Monday, November 27, 2006

Meanie Mondays

This is hard for an Aussie to understand, but it was more difficult than usual trying to find celebrity fashion funnies. Something to do with Thanksgiving and yanks being forced to eat entire roast turkeys and wah on about the Mayflower or the like. Despite having to spend five minutes longer than usual, our favourite sartorial suckers were still about and didn't disappoint.

The tabloid presses have all been salivating over the new best friends, Paris and Britney. Since this photograph was taken, Sh**ney has apparently 'done a Lindsay' and been caught on camera without knickers which only adds to the classy look she's clearly going for in the picture on our left.

Let's forget Paris for a moment (who'd have thought that that sentence would be written in terms of ridicule) and focus on Courtney Love's younger sister on her right. Drunken straps, breasts about as under control as a sackful of puppies, her map of Tassie mercifully hidden by a satin coat (not matching) and white vinyl K-mart shoes. The look is completed with extensions that have left an innocent shetland pony with it's arse exposed to the blowflies and a baby belly that's not exactly flattered by the leopard skin print covering it...

Paris looks almost reasonable if you discount the fleecy split ends and the fact that she needs to put a sticker on her leg reminding her to breathe every thirty seconds.



Ah Mads, you're looking more and more like the ageing tranny in 'Priscilla' every day, aren't you?
If the eyebrows get any higher they'll end up at the back of your neck looking like a hairy advertisment for McDonald's.

The horizontally stretched face up close looks too much Betty Davis in her latter years - it's time to tone down the makeup instead of spakfilling in the gaps, love. And remember - and this is to all gals out there who like to colour their mouths - lipstick should stay on just the lips - any painting done around the outside looks misguided, envious and, frankly, insane.

Her skin appears to have been dermabrasioned, hermetically sealed, steamed and stretched to albino-snakeskin perfection and yet..... she's the scary clown from Poltergeist. Heaven help me if I found that smiling at me from under my bed, let alone writhing on the floor telling me 'I'm hung up, I've got a crush on you-oo-hoooo..."



J-Ho actually looks quite good, in a triangular, alien-faced, wax doll kind of way. I wonder how long it took the museum curator to bend her arms, hips and legs into that pose and how much longer it took to get to the diva display mannekin to maintain a posture like a normal human being after the photographers moved on to chase Paris.

It's the face - much more so than the the re-use of grandma's chenille bedspread as the dress fabric, the purse earrings or Jaclyn Smith hair.
Too bad if she feels surprised, annoyed, delighted or just had the holy crap frightened out of her, because our buddy Mr Botox has reduced her acting range to the gamut of emotions from A to A - one disdainful mask. At least it might finally hamper her efforts to sing for us again.

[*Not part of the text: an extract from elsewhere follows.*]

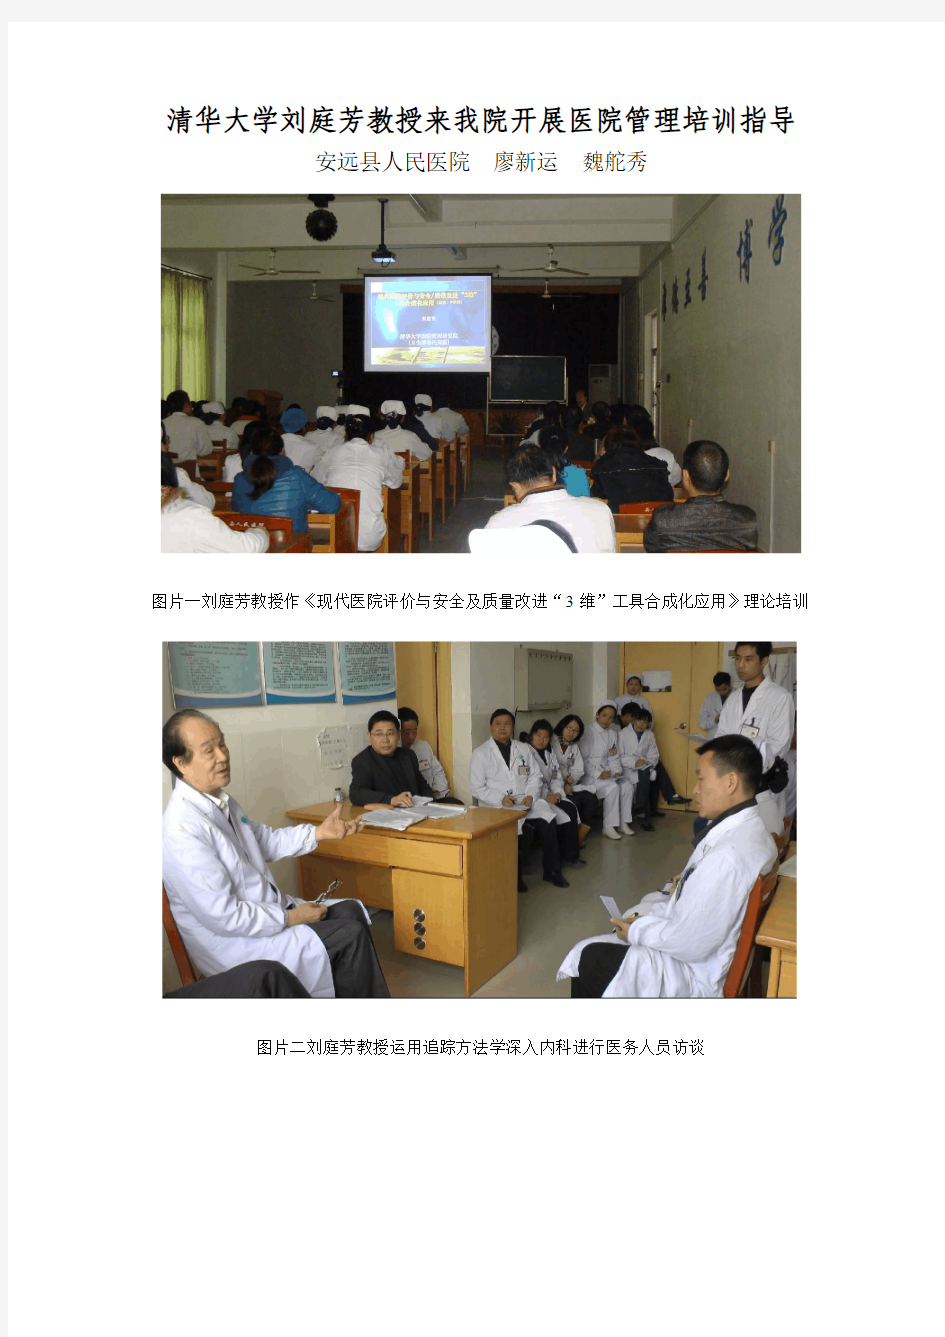 清华大学刘庭芳教授来我院开展医院管理培训指导

We've all seen Val Kilmer's infamous beer gut down at his local beach a few months ago but the caption under this image on our left was gushing about how well he's scrubbed up since then.

Hmmmm, maybe. If he's prepared to change his last name to Kipfler. As is potato, that is. Then yes, he's scrubbed up well (har hardy har har).

He'd better stay clean shaven, or some cafeteria dishwasher is going to go at him with a sharp knife to cut out those annoying little eyes that keep springing out of spuds that are too old to eat.









As the Kingston Trio once sang, "...and they called the wind Mariah..."

How prophetic they were. Either Mariah's lyrca's been inflated with a few farts she's let slip at the latest Disney launch or she's late for Halloween and dressed up as a bunch of overripe cherries.

Those thighs, lovingly roasted, could feed all of the orphans that Brad'n'Ange didn't adopt in Malawi.












We end with the only contender against Kate Moss for Celebrity Mother of the Year, Courtney Love. The topless here pic is the cleanest one of the session.

In those photos, it's painfully clear that she's had a brazilian, found an onion string bag she'd like to wear, had a bit of an overhaul done on the rack and wants to show us all. Why we'd want to see it all, I'm not sure, but at least she's not pregnant to a bloke who's in rehab more often than he's in his wife-to-be.

On a serious note, let's hope that Courtney has given poor little Frances a pep talk on how to respond to, "Hey Beanz Meanz Fartz, your mum's got her mammaries and muff out again," with something other than "but it paid the rent and my nanny fees this month."